-------- TASK DATA --------

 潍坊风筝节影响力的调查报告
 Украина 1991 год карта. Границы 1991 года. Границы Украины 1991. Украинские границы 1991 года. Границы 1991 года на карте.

--------
-------- TASK DATA --------

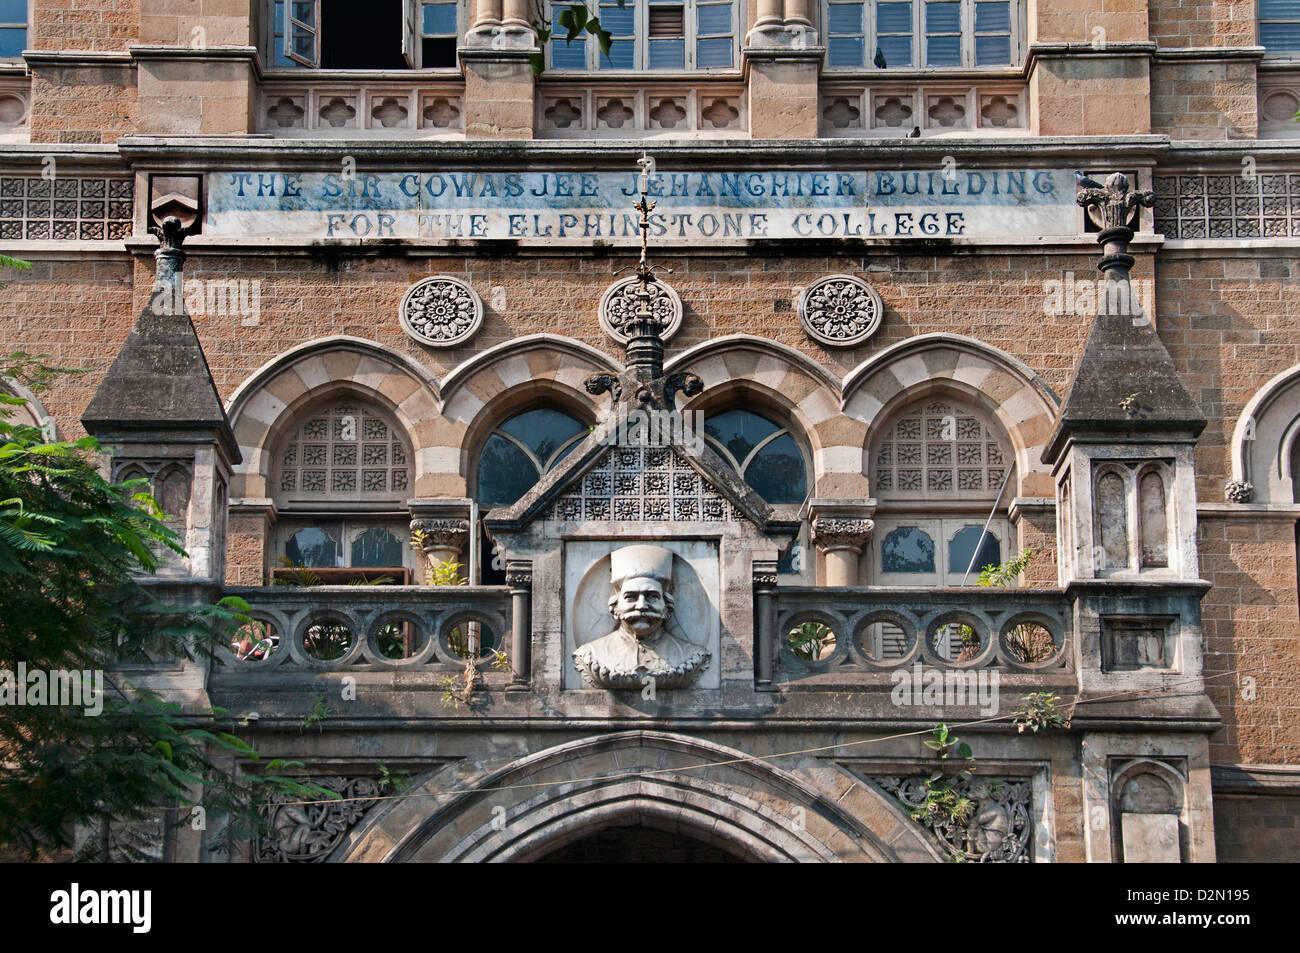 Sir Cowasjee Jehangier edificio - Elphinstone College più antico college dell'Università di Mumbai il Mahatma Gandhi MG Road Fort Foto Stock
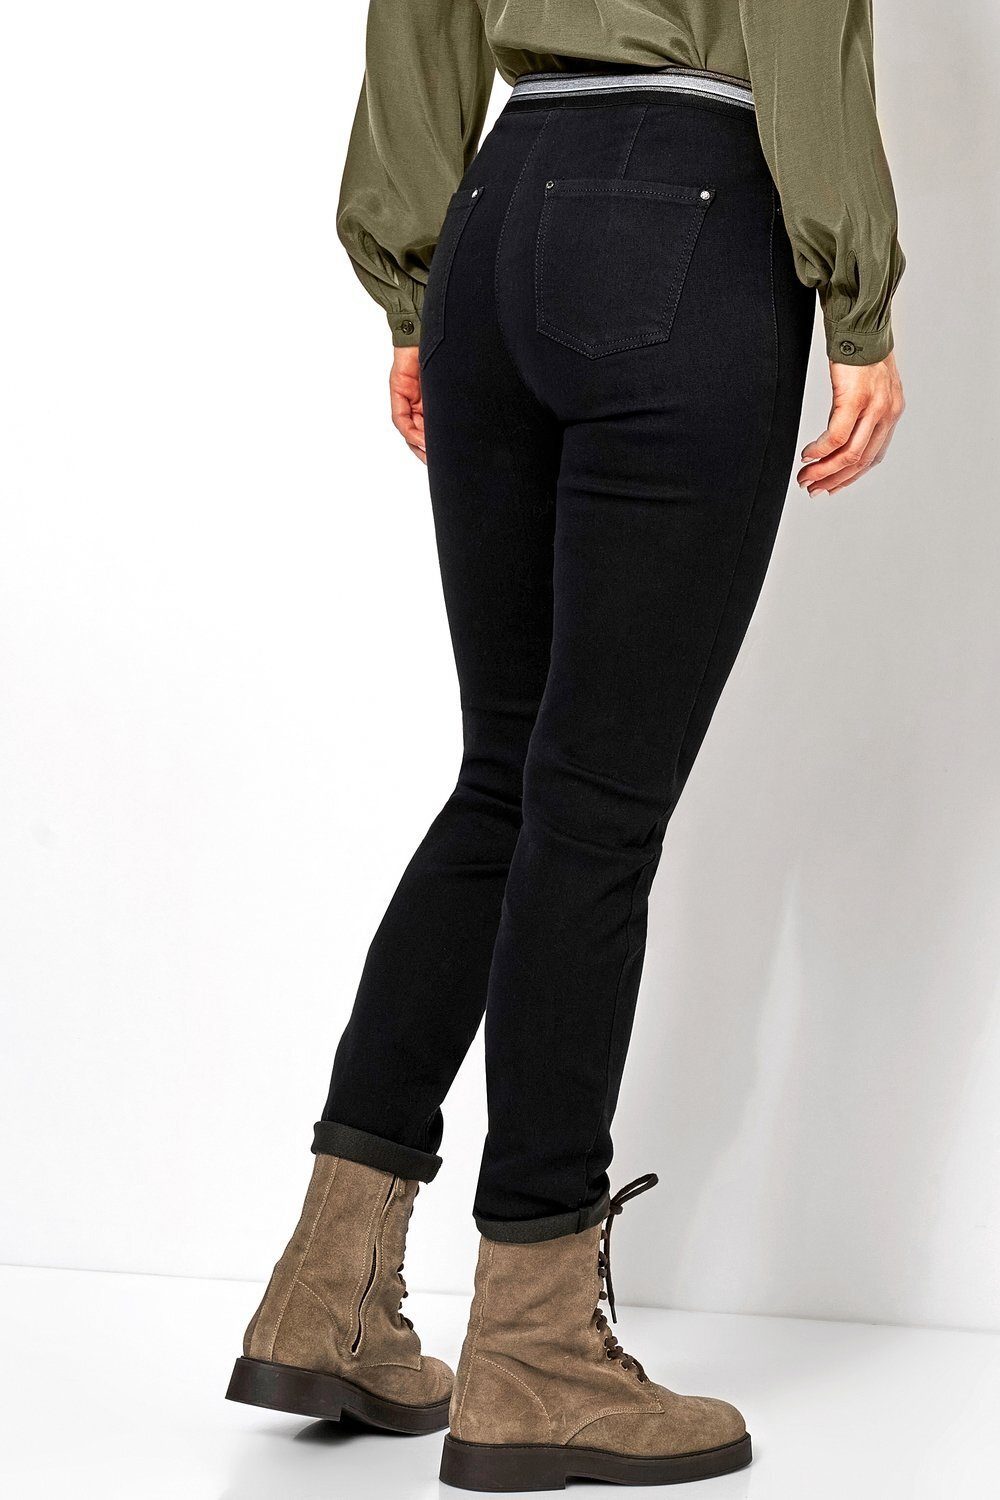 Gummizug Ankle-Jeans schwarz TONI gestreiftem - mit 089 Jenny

--------

WHAT YOU NEED TO DO:
A clean copy is needed of the lines above from the one with "Sir Cowasjee Jehangier" up to and including the one with "Gummizug Ankle-Jeans schwarz". Please set it down exactly, with no pictures.

ANSWER SPACE:
 Sir Cowasjee Jehangier edificio - Elphinstone College più antico college dell'Università di Mumbai il Mahatma Gandhi MG Road Fort Foto Stock
 Gummizug Ankle-Jeans schwarz TONI gestreiftem - mit 089 Jenny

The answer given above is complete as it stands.